Cartographie communautaire et modélisation du paysage

Les projets de cartographie et de modélisation du paysage intègrent les savoirs locaux sur les espaces culturellement et écologiquement significatifs afin d’entreprendre de la cartographie communautaire à l’aide de logiciels de systèmes d’information géographique (SIG). Ces projets sont entrepris en collaboration avec les partenaires autochtones. Les données et cartes qui en découlent sont utilisées par les communautés autochtones pour mettre sur pied leurs projets de vie. Ce thème de recherche vise à examiner comment des perspectives et méthodes de modélisation du paysage transdisciplinaires peuvent s’arrimer aux perspectives que les communautés ont sur l’importance de différents lieux et ce, afin d’entreprendre une « géomatique collaborative ». À travers cette démarche, nos partenaires pourront identifier les effets cumulatifs que les politiques et projets de développement de l’environnement supportés par le gouvernement engendrent. Les cartes communautaires pourront également contribuer à la bonne progression de la conservation et à la mise en place de programmes de développement alternatifs.

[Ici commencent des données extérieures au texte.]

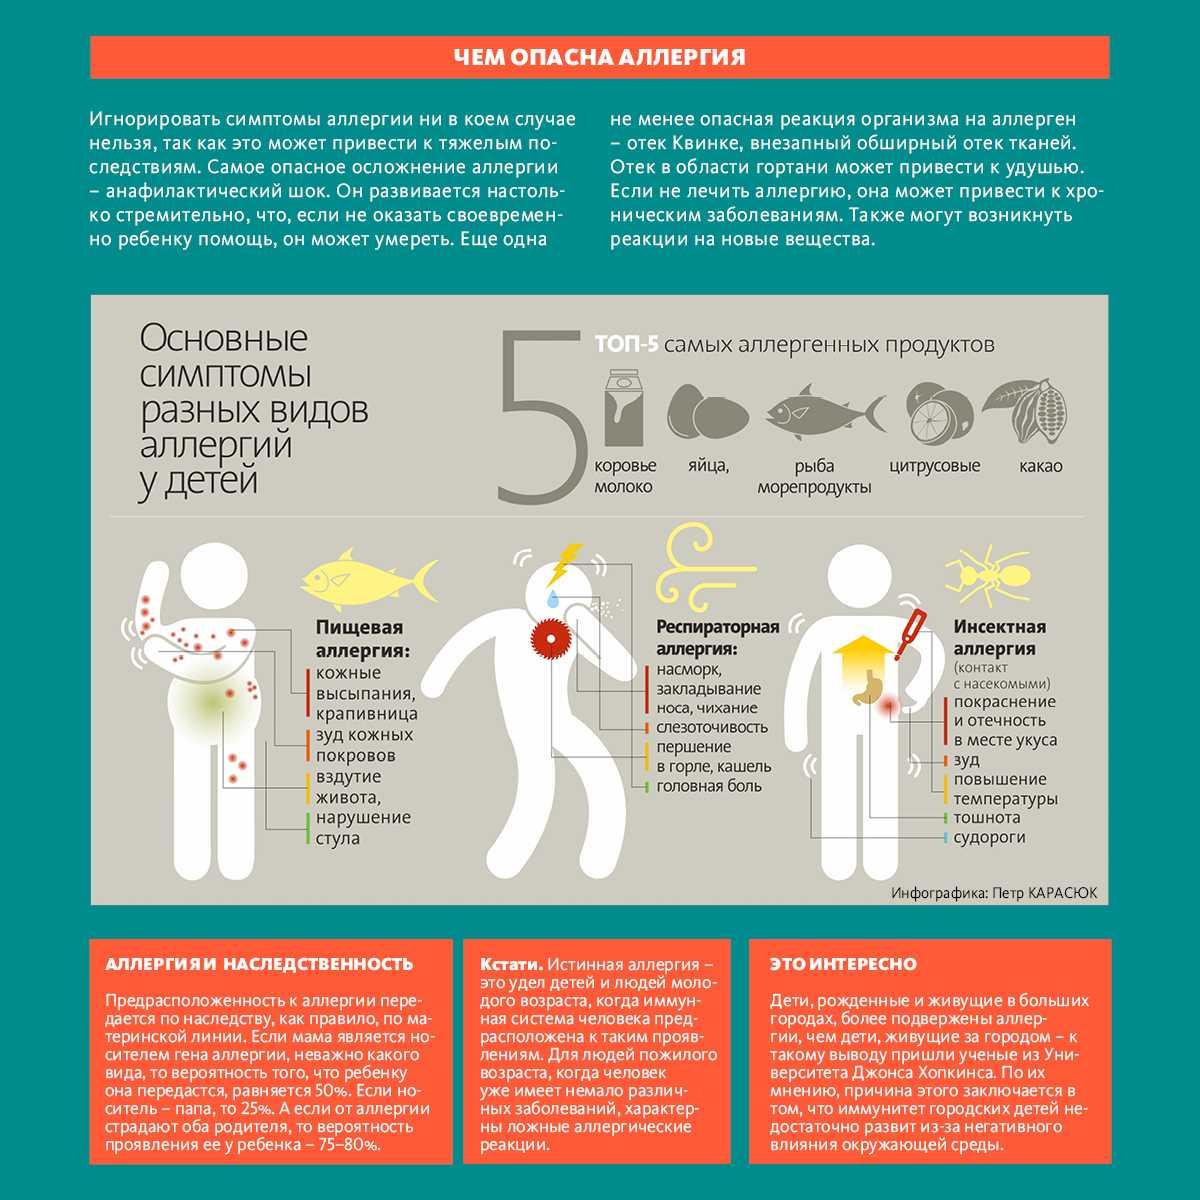 Психосоматика аллергии - 10 причин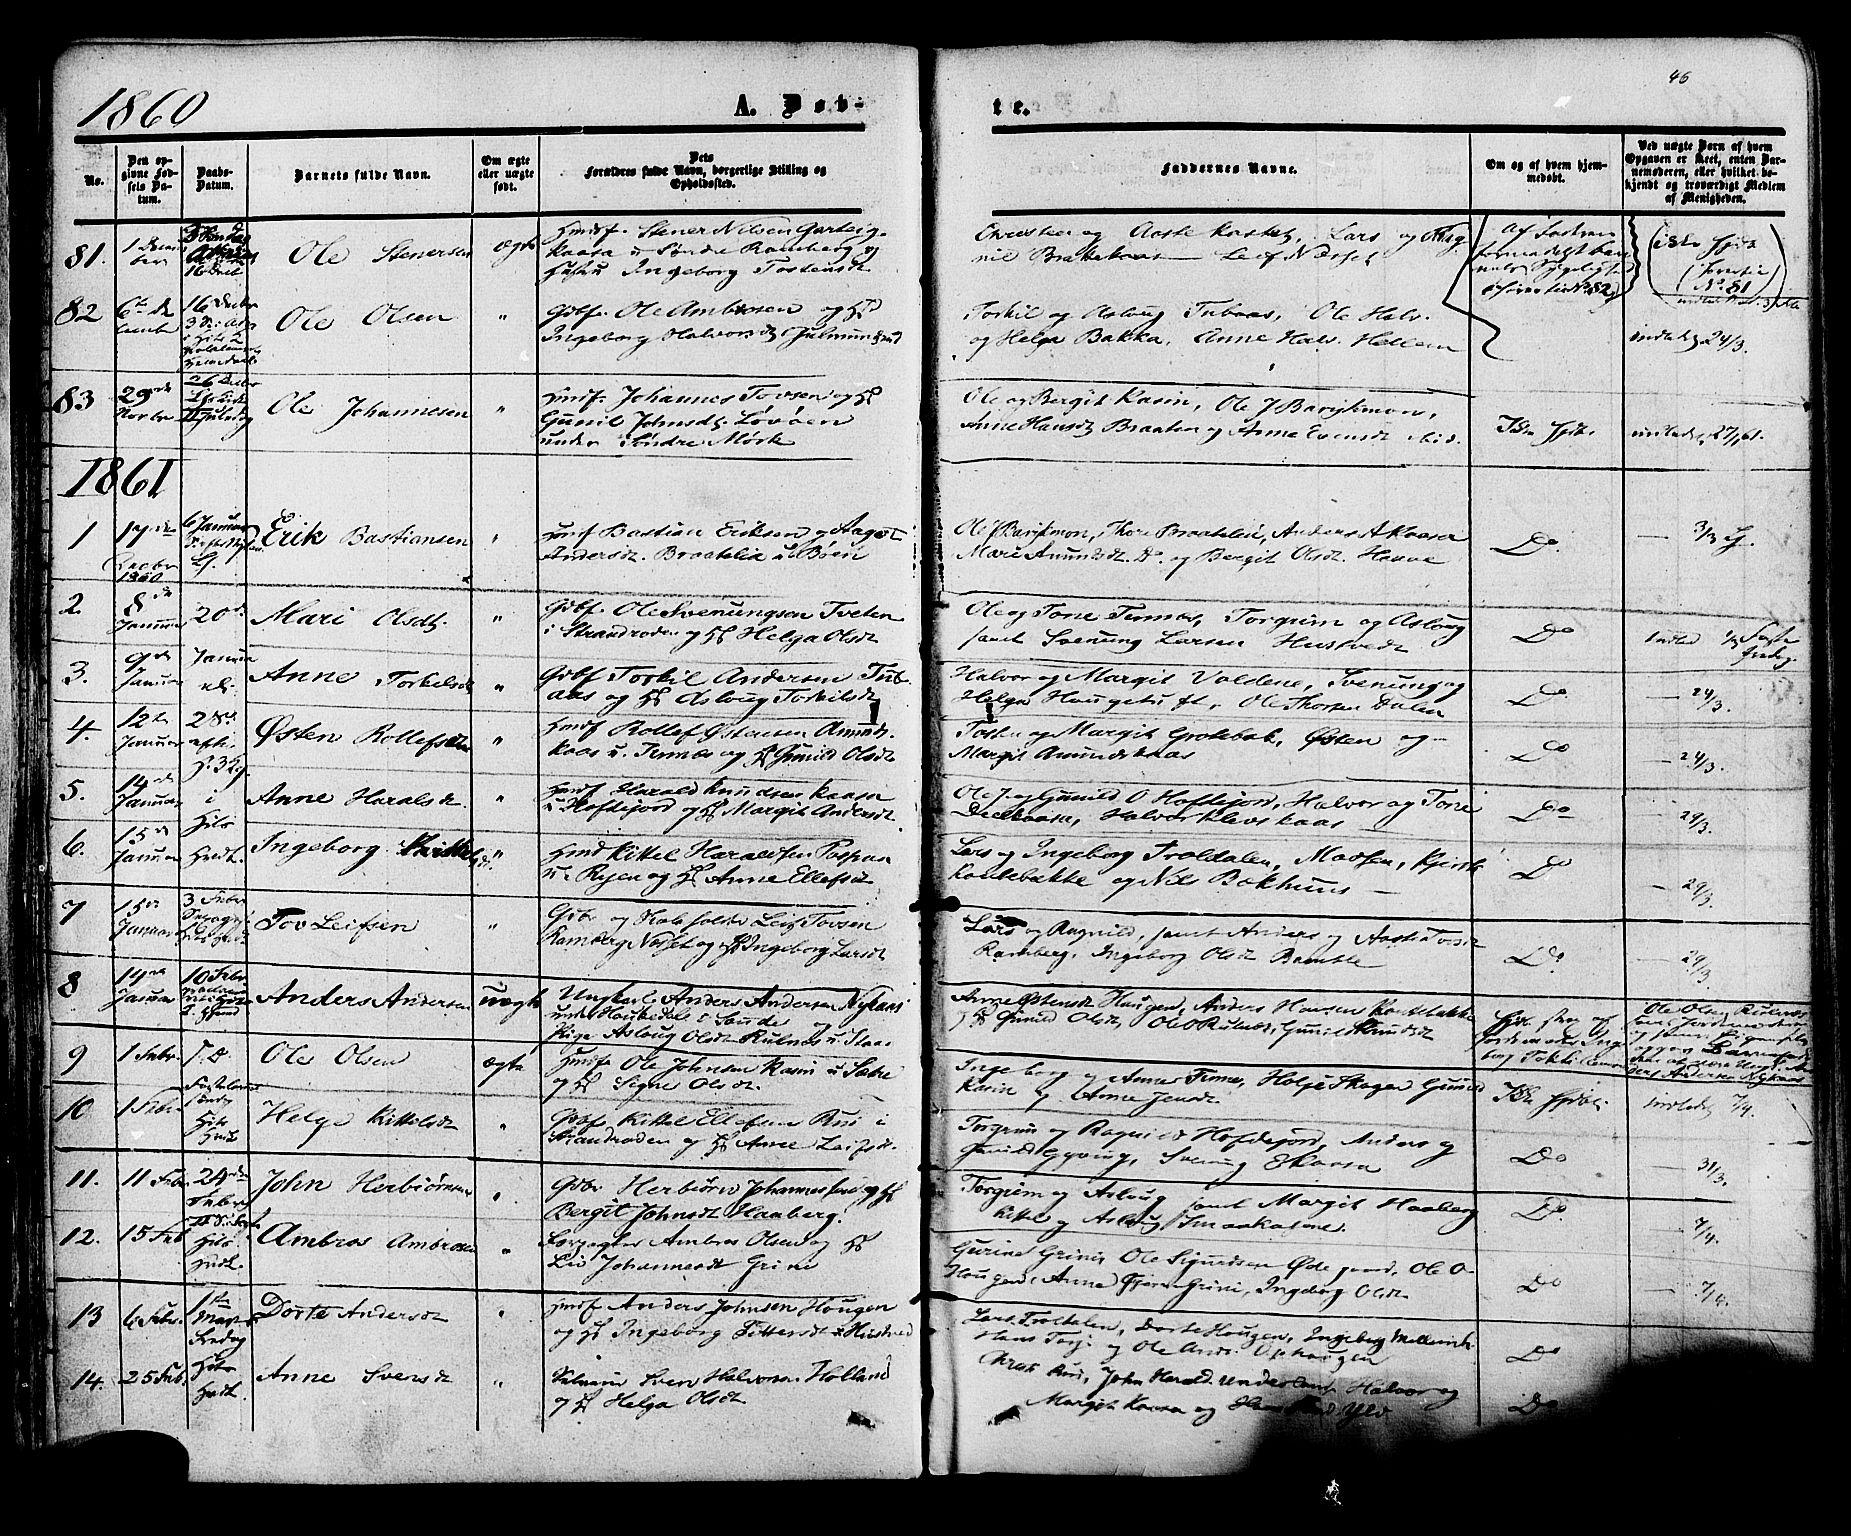 SAKO, Heddal kirkebøker, F/Fa/L0007: Ministerialbok nr. I 7, 1855-1877, s. 46

Alors qu’historiquement, les cartes ont été utilisées par les états-nations en premier lieu pour confirmer les droits territoriaux et renforcer leurs pouvoirs sur les communautés autochtones et autres, il existe maintenant une multitude d’exemples dans lesquels les groupes autochtones de différentes parties du monde ont investis la cartographie comme mode de réappropriation de leurs souverainetés territoriales, regagnant ainsi leurs dignités par l’entremise de conflits avec les gouvernements et les institutions. Cet effort d’usage des représentations cartographiques et des diverses méthodologies y étant associées pour défendre et se réapproprier les territoires est devenu une partie un mouvement de contestation cartographique.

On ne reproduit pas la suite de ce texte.